● AVAILABLE DATA
═══

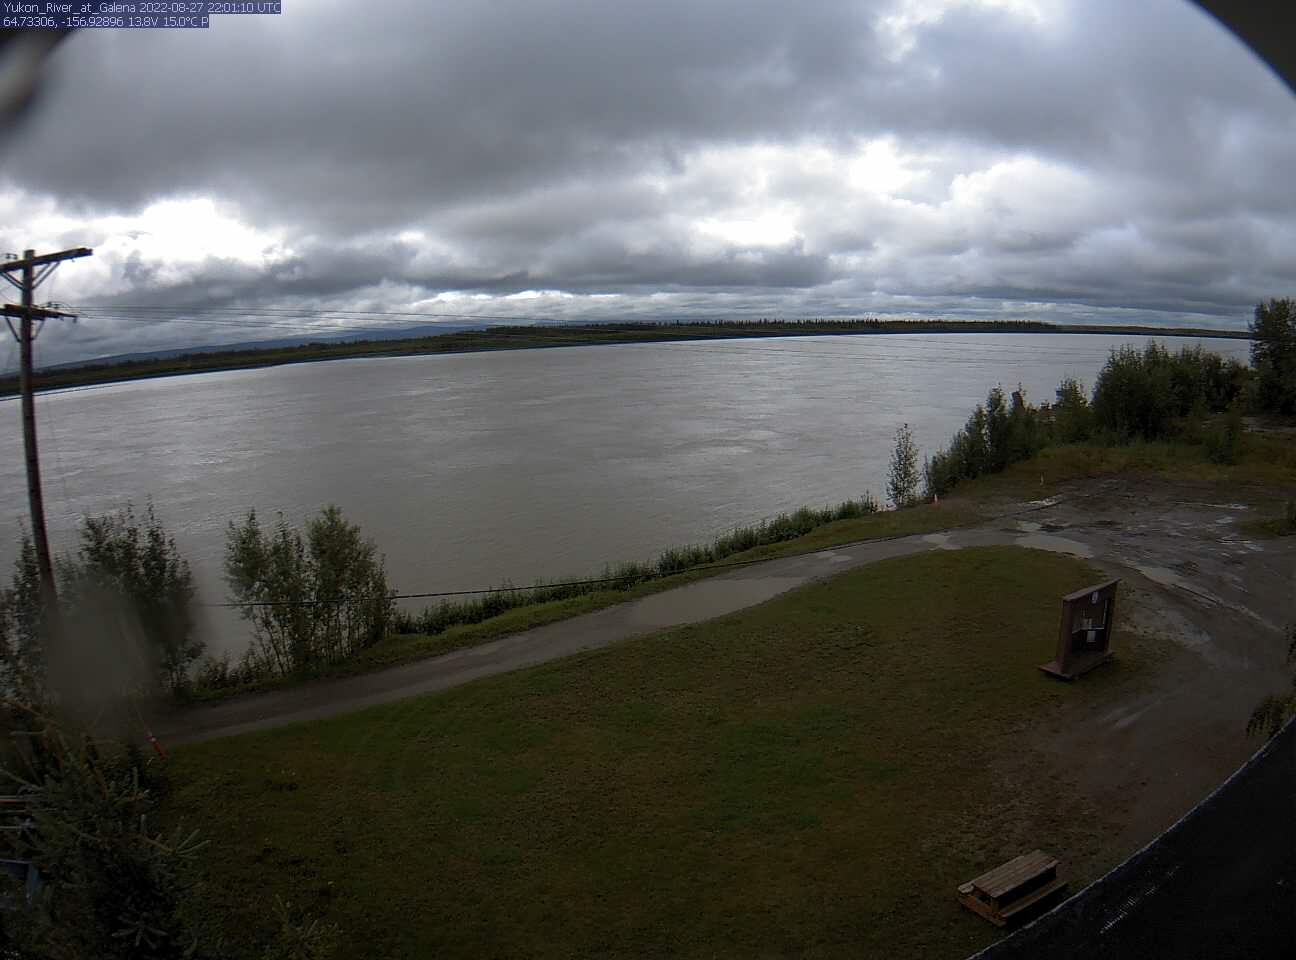 Yukon_River_at_Galena_20220827220111.jpg
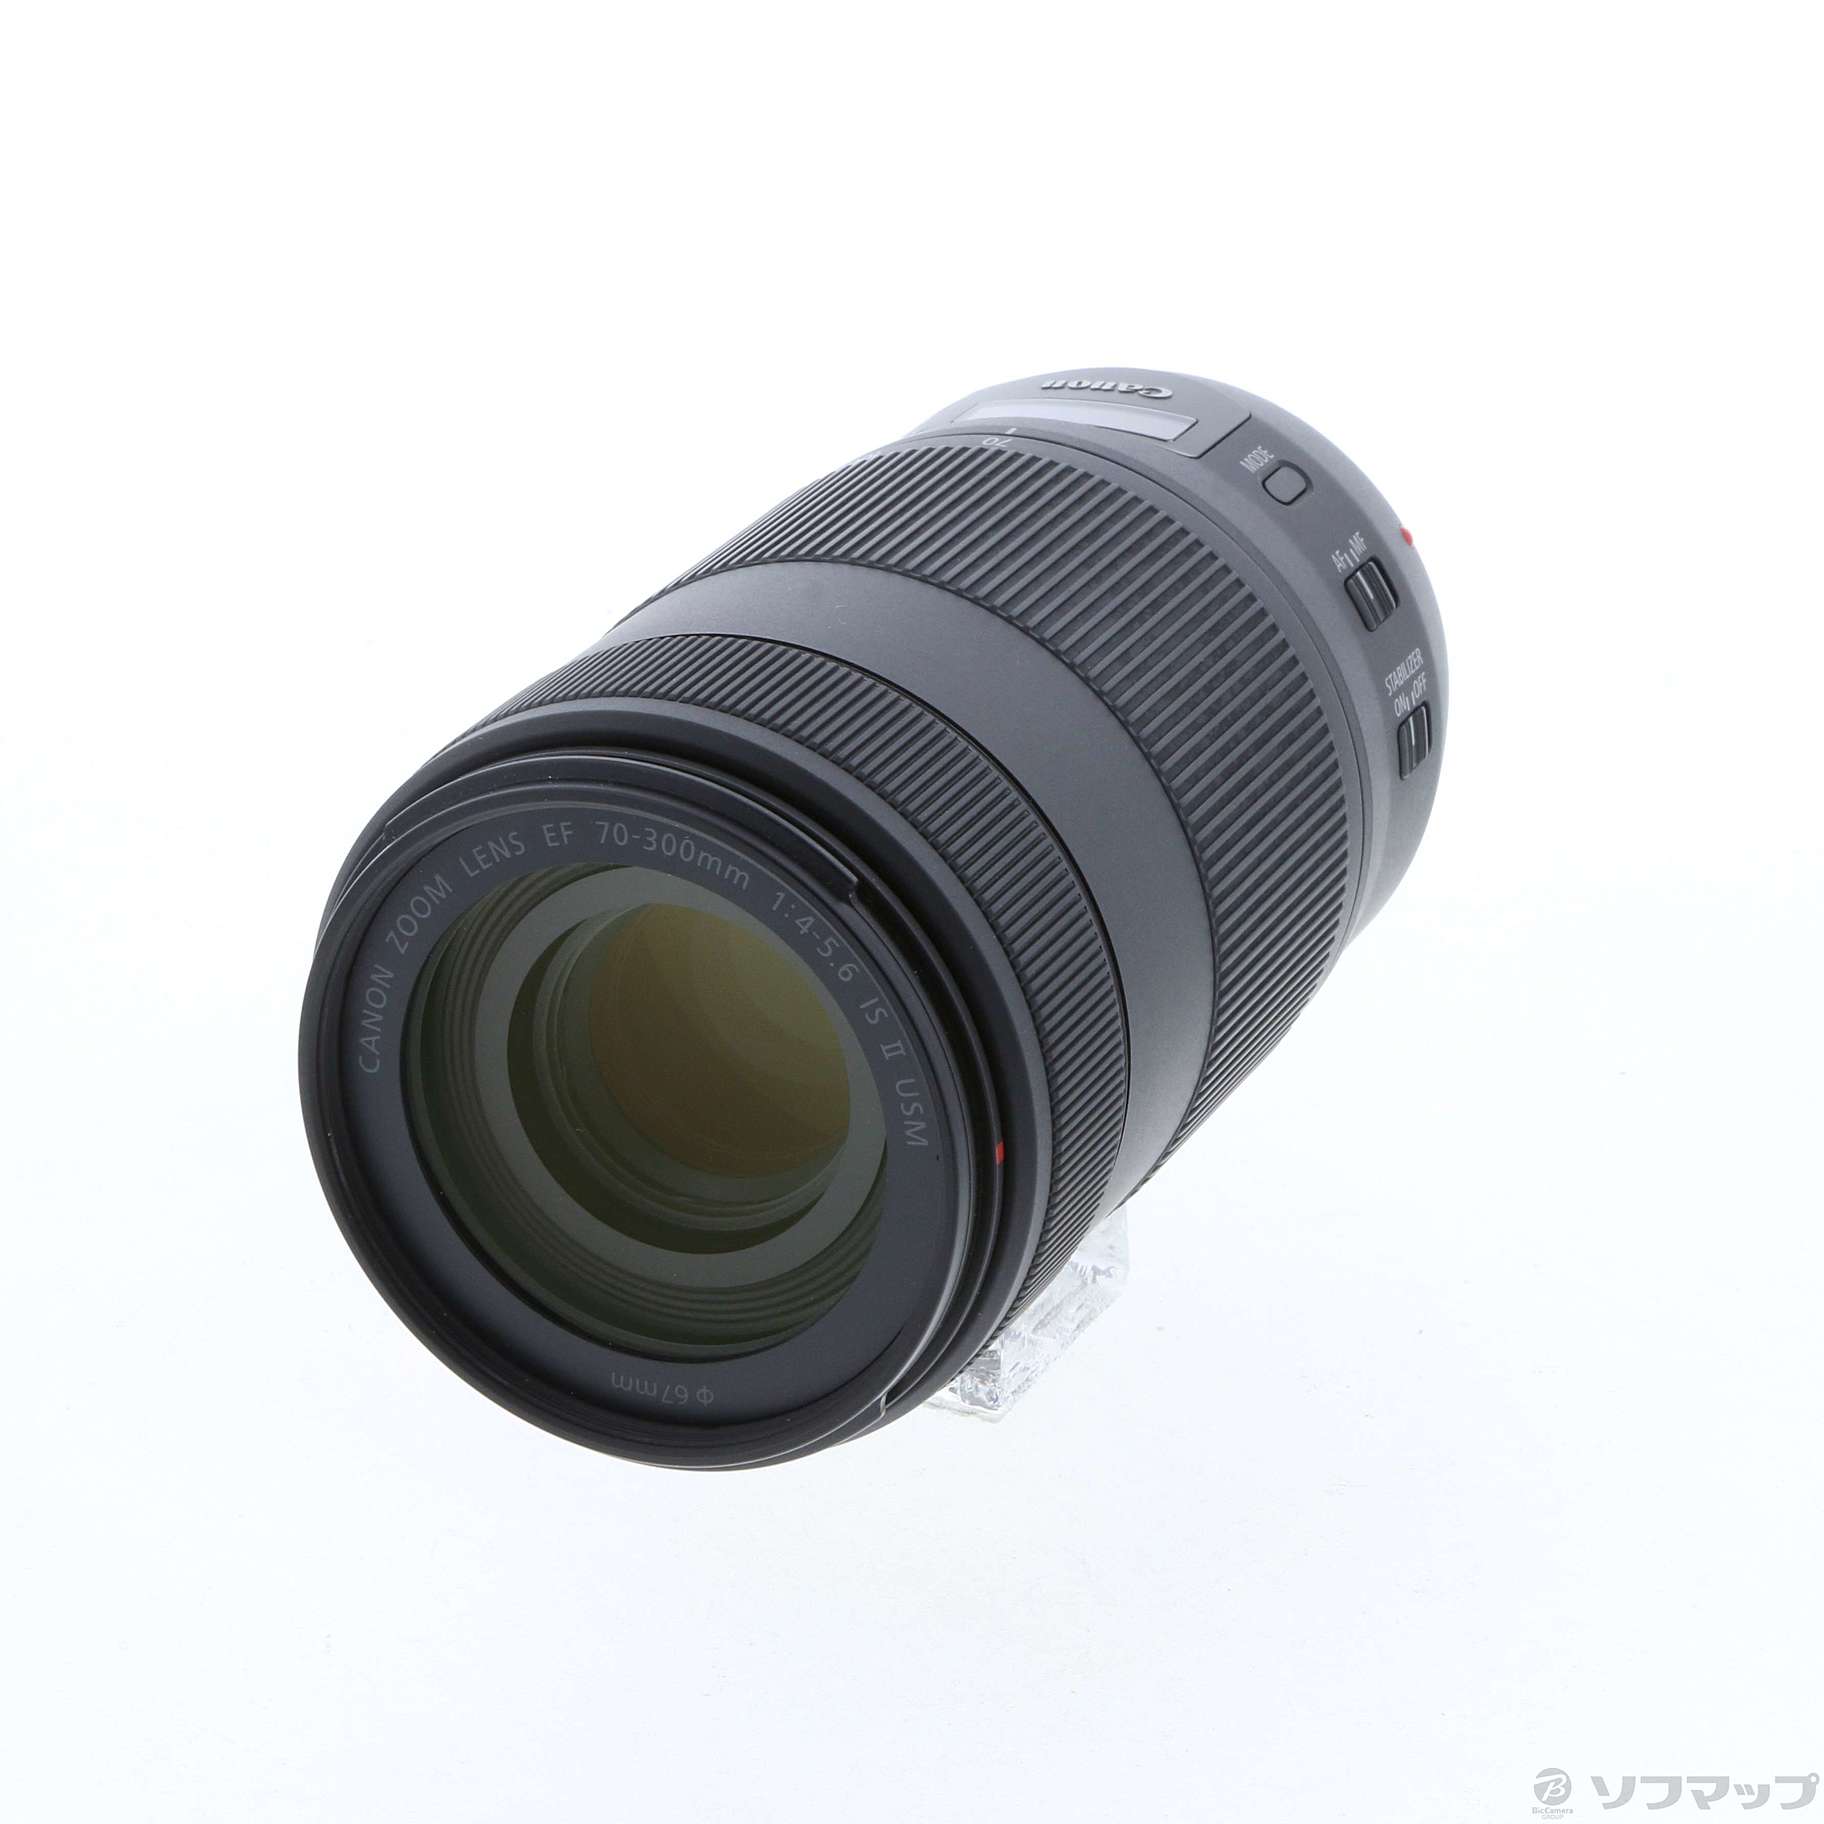 Canon EF70-300mm F4-5.6 IS II USM 望遠ズームレンズ キヤノン - 交換 ...
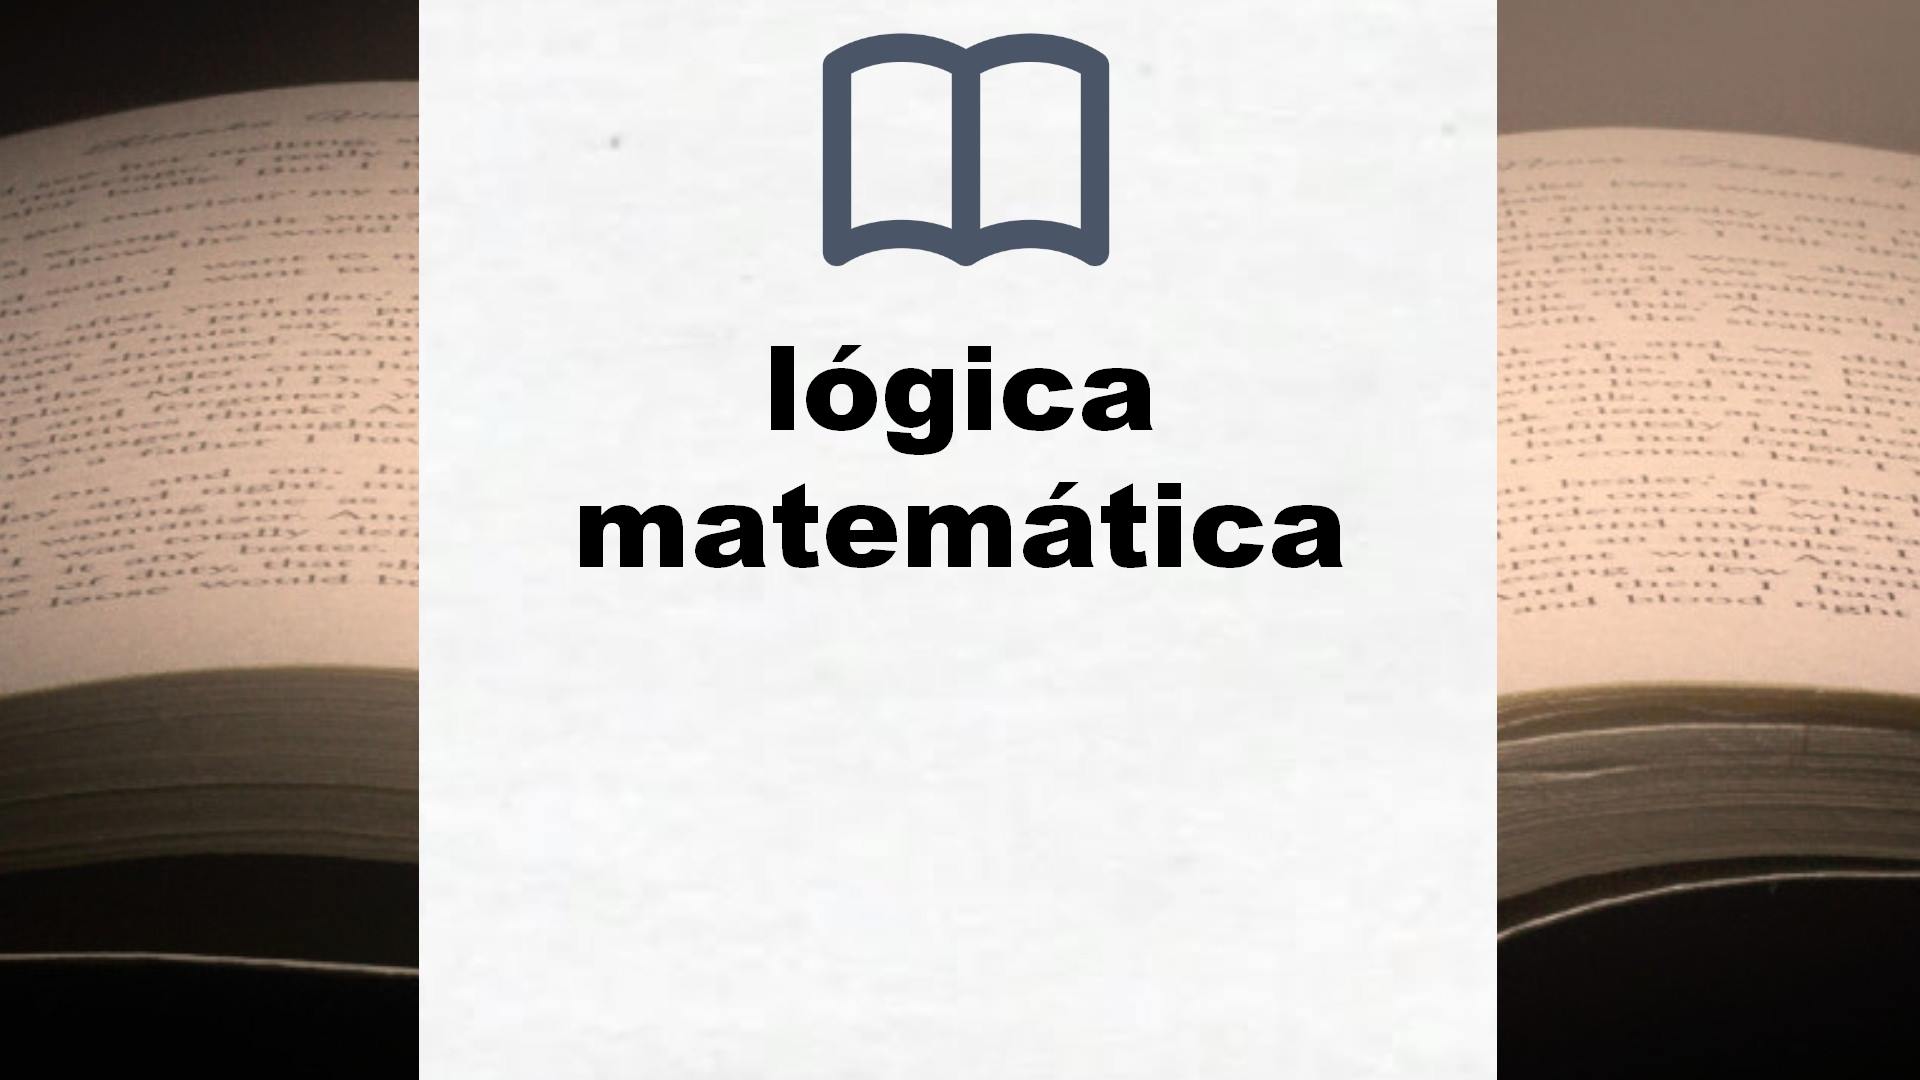 Libros sobre lógica matemática
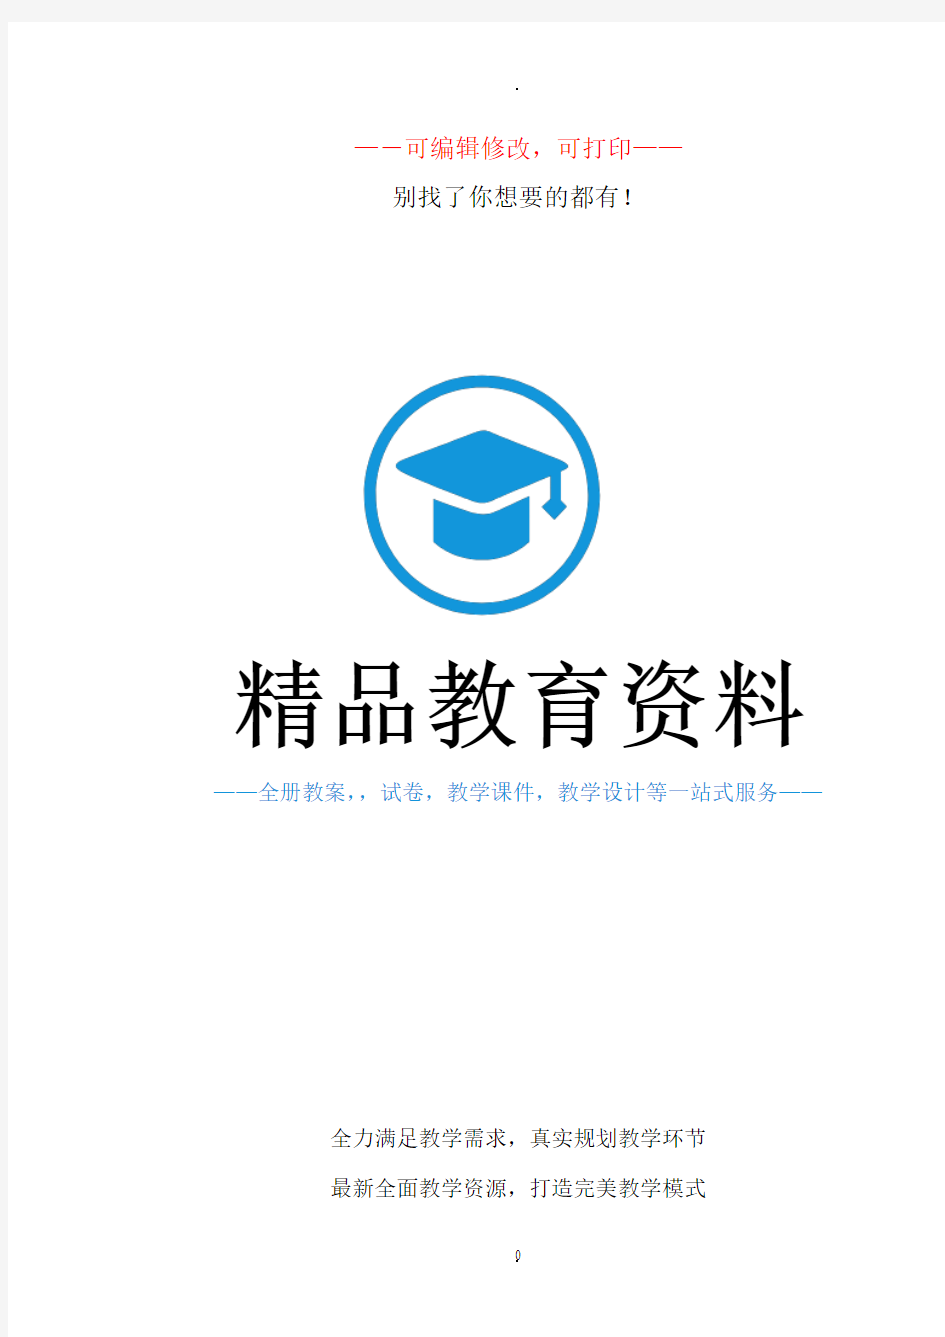 四年级下册综合实践活动教案(上海科技教育出版社)51019

═══

● TASK TO COMPLETE
With the pictures set aside, return each line of the listing exactly as given.

● TASK OUTPUT
 Yukon_River_at_Galena_20220827220111.jpg
 Canon EF70-300mm F4-5.6 IS II USM 望遠ズームレンズ キヤノン - 交換 ...
 Libros sobre lógica matemática
 四年级下册综合实践活动教案(上海科技教育出版社)51019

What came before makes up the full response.